Among other measures, Mayorkas said DHS is increasing its ability to assess asylum claims and “rapidly deport those who are not eligible for protection,” increasing its staff and resources, redeploying more than 600 law enforcement officers order at the border and implementing additional COVID-19 protocols.

However, Title 42 is one of two major politics taking place on the southern border. The other, known as “Stay in Mexico” or MPP, is still in effect.

Although there are some exceptions, it allows border officials to return non-Mexican asylum seekers from Western Hemisphere countries to Mexico while their claims are being processed.

In the meantime, Al Otro Lado is helping refugees from different parts of the world apply for exemptions to Title 42 while it remains in place.

Ramos and others have said the granting of these exemptions is patchy.

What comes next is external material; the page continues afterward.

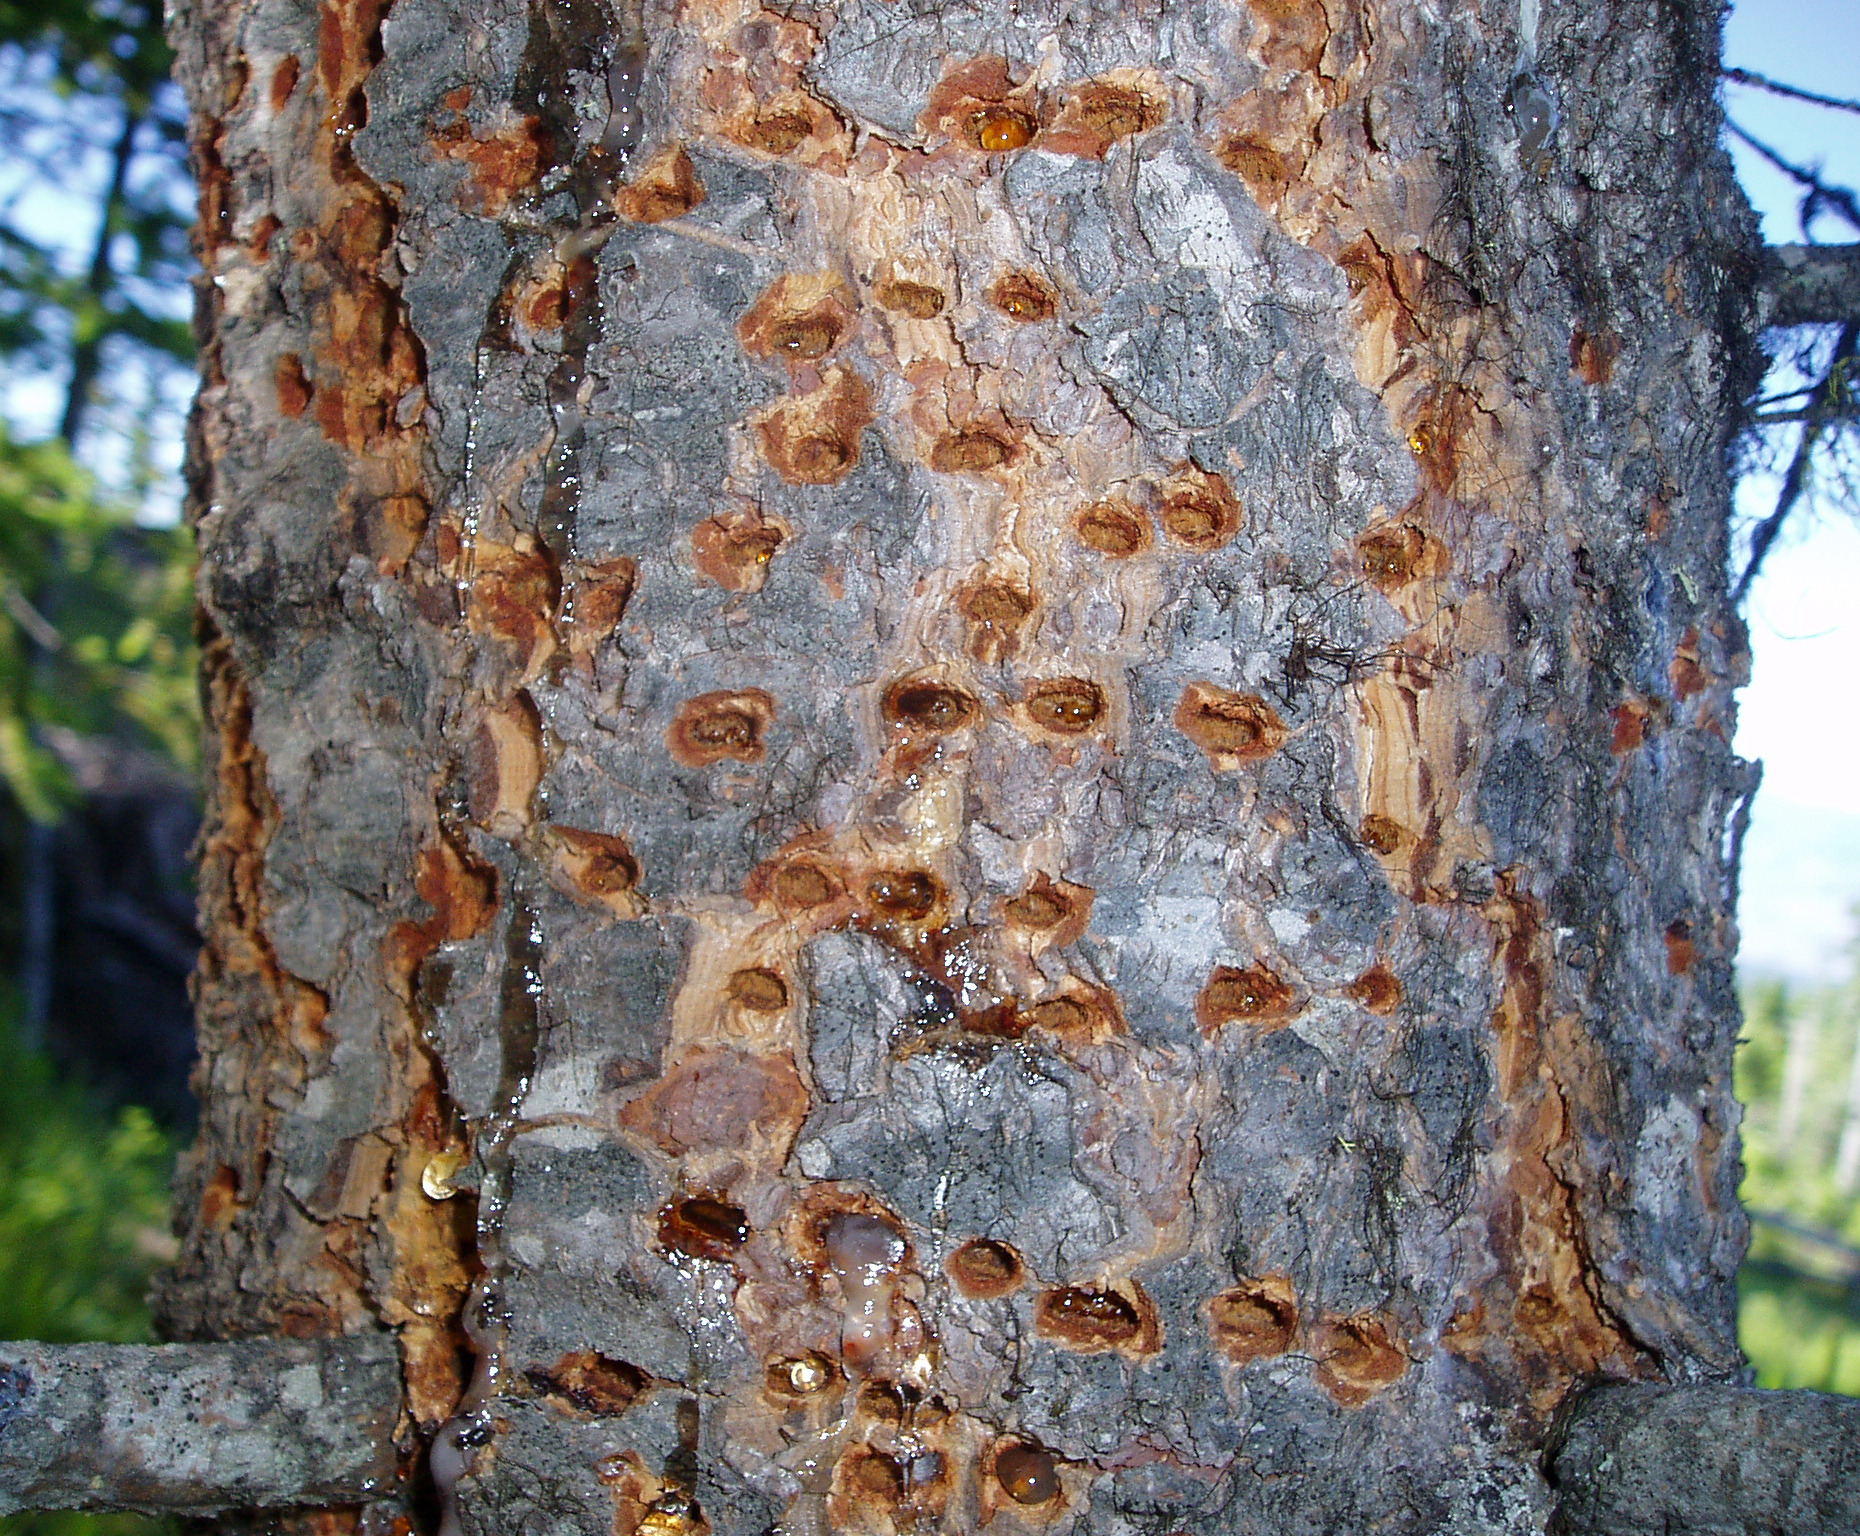 Williamson's sapsuckers drill holes in western larch, Douglas fir and pine trees to extract sap.

“We are letting in a lot of Ukrainians, which is understandable because there is a war going on right now,” she said. “We see CBP processing hundreds of Ukrainian migrants every day while black and brown migrants who have been waiting in some cases for over three years are to stay away and not have their cases heard.”

To meet case demand, the organization is looking for remote and in-person volunteers with a special need for those who speak Spanish, Haitian Creole, Ukrainian or Russian.

“A lot of people accuse asylum seekers of wanting to skip the lines, that they have to do things the legal way. Applying for asylum at a U.S. port of entry at the border is the legal way begin this process of applying for international protection,” Ramos said. . “They’re not exploiting a loophole. It’s spelled out very clearly in our law, which replicates the international human rights law that we accepted after the Holocaust.”